Kirsty is in Mr Hyde’s office, and is quick to correct his ‘Miss Phillips’ with ‘Mrs’. Squee! He makes a genuine condolence about her miscarriage, but she is cool with him, making a barbed reference to his words a few weeks earlier about ‘kids having kids’. Hyde then moves on to the topic of Kim, and asks that since Kim will now be living under the same roof as Kirsty, she could keep him updated. She calls it like it is, and tells him she won’t be his spy, and excuses herself.

Kim has overslept, and as he comes out of his room getting ready for school, Irene nicely enough points out the pile of junk he left on the sofa. Nooo! Kim’s an inconsiderate house-guest? Colour me shocked. She tells an uneasy Kim she’s about to check out the car-wreck and say her goodbyes.

Flynn is lifting weights in the gym, and Leah walks up to him, coquettishly holding her bump. They talk about her and Jesse, and Leah sighs that Flynn’s the only one who understands where she’s at.
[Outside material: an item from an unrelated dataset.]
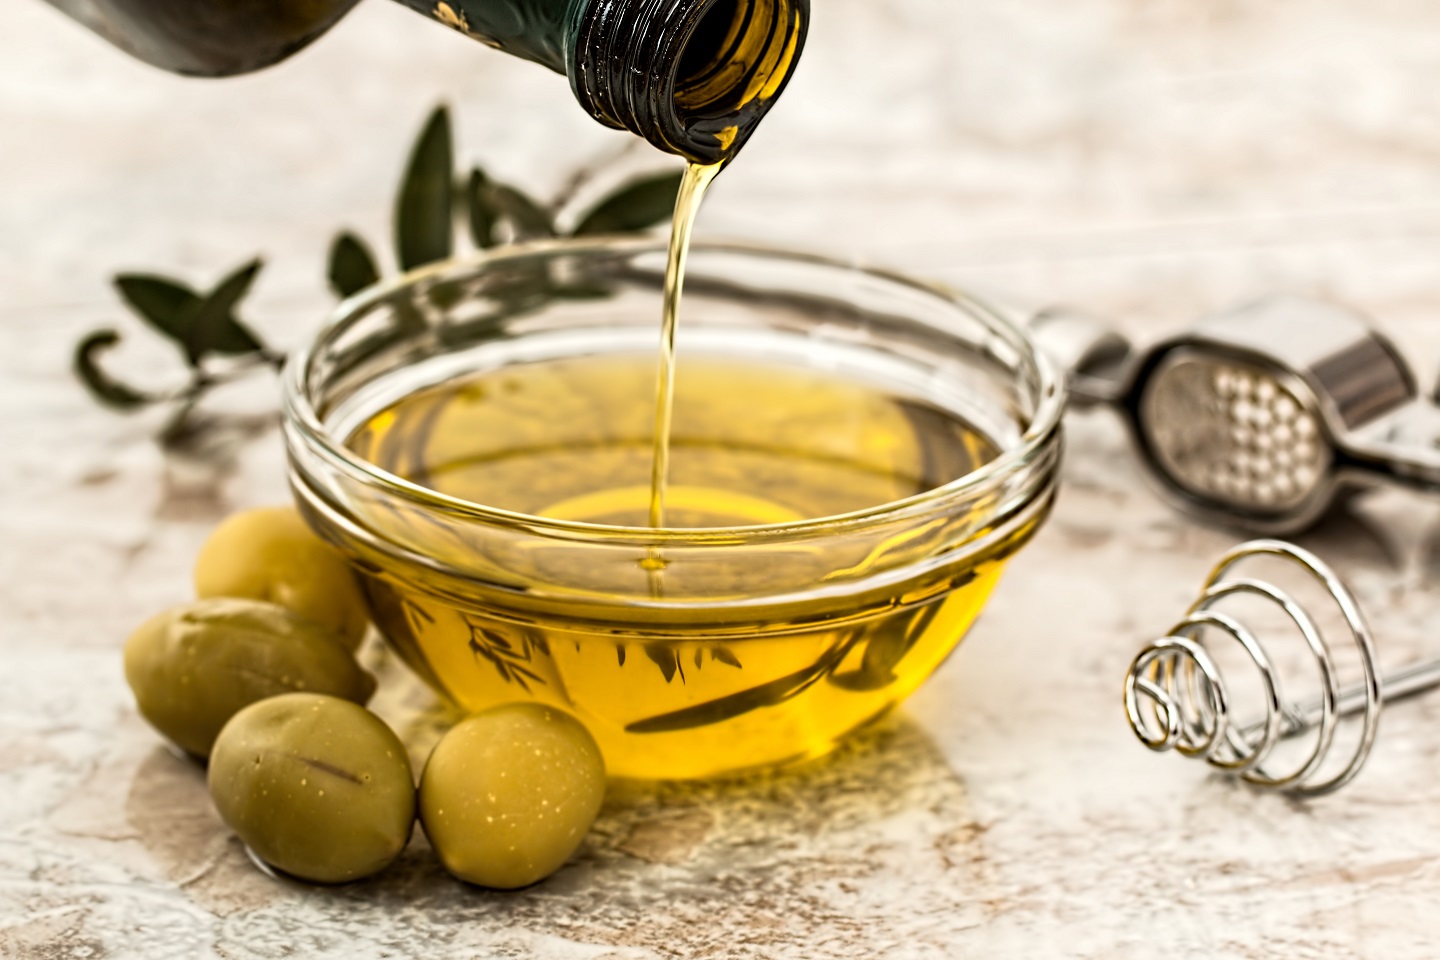 olive oil in glass bowl aceite de oliva en bowl de cristal

Flynn feels Leah’s stomach, and they both make baby-talk at the bump, while a glowering Jesse looks on.

Floss and Alf chat, and Alf wants her to know he’s there if he can do anything to help. He’s talking in terms of bills and accomodation, but Floss pops the euthanasia question, making a veiled reference to someone who was going to help her with it, but ‘let her down’. Dammit Floss, what exactly is preventing you from just taking care of this matter yourself, instead of trying to involve people in an emotional and legal burden? Jeez, have ya heard of a cliff-ledge?

Alf casually brings up the idea of euthanasia to Flynn, pretending he heard a radio-discussion on it. Flynn twigs that he’s spoken to Floss, and tells Alf she already approached him and Sally, but he’s not about to get involved.

Jesse intercepts Flynn, and tells him straight he was uncomfortable with how close he and Leah were looking earlier. Flynn is annoyed but agrees to keep his distance.

Irene unhappily surveys the car wreck. If the car is such a crumpled mess how did the three culprits manage to walk away with no more than one twisted ankle between them? A cop gives her some personal items they found in the car, among them a certain pair of glasses.

Jade is snotty with Kirsty that she didn’t help with the petition signatures. Kirsty says she had to see Kane who is going on a charter. Jade hisses that she has to tell him about the non-baby soon. Hyde walks in, and questions them about what the petition is for. Jade covers that they’re trying to organise a band. Hyde knows better and calls all three into his office. Jade argues for democracy, while Hyde smoothly corrects her that it’s a benign dictatorship. Heh. They are interrupted when a woozy looking Kirsty crumples to the floor in an impressively realistic looking faint.

Jade is on her soap-box in the school yard, and confirms to the students that the sit-in will go ahead.

Kirsty is at Flynn’s surgery. He questions her about the dates of her conception and miscarriage. She answers nervously, but he tells her that not only must she have got her dates mistaken, but she didn’t miscarry. She’s still pregnant. Kirsty looks floored.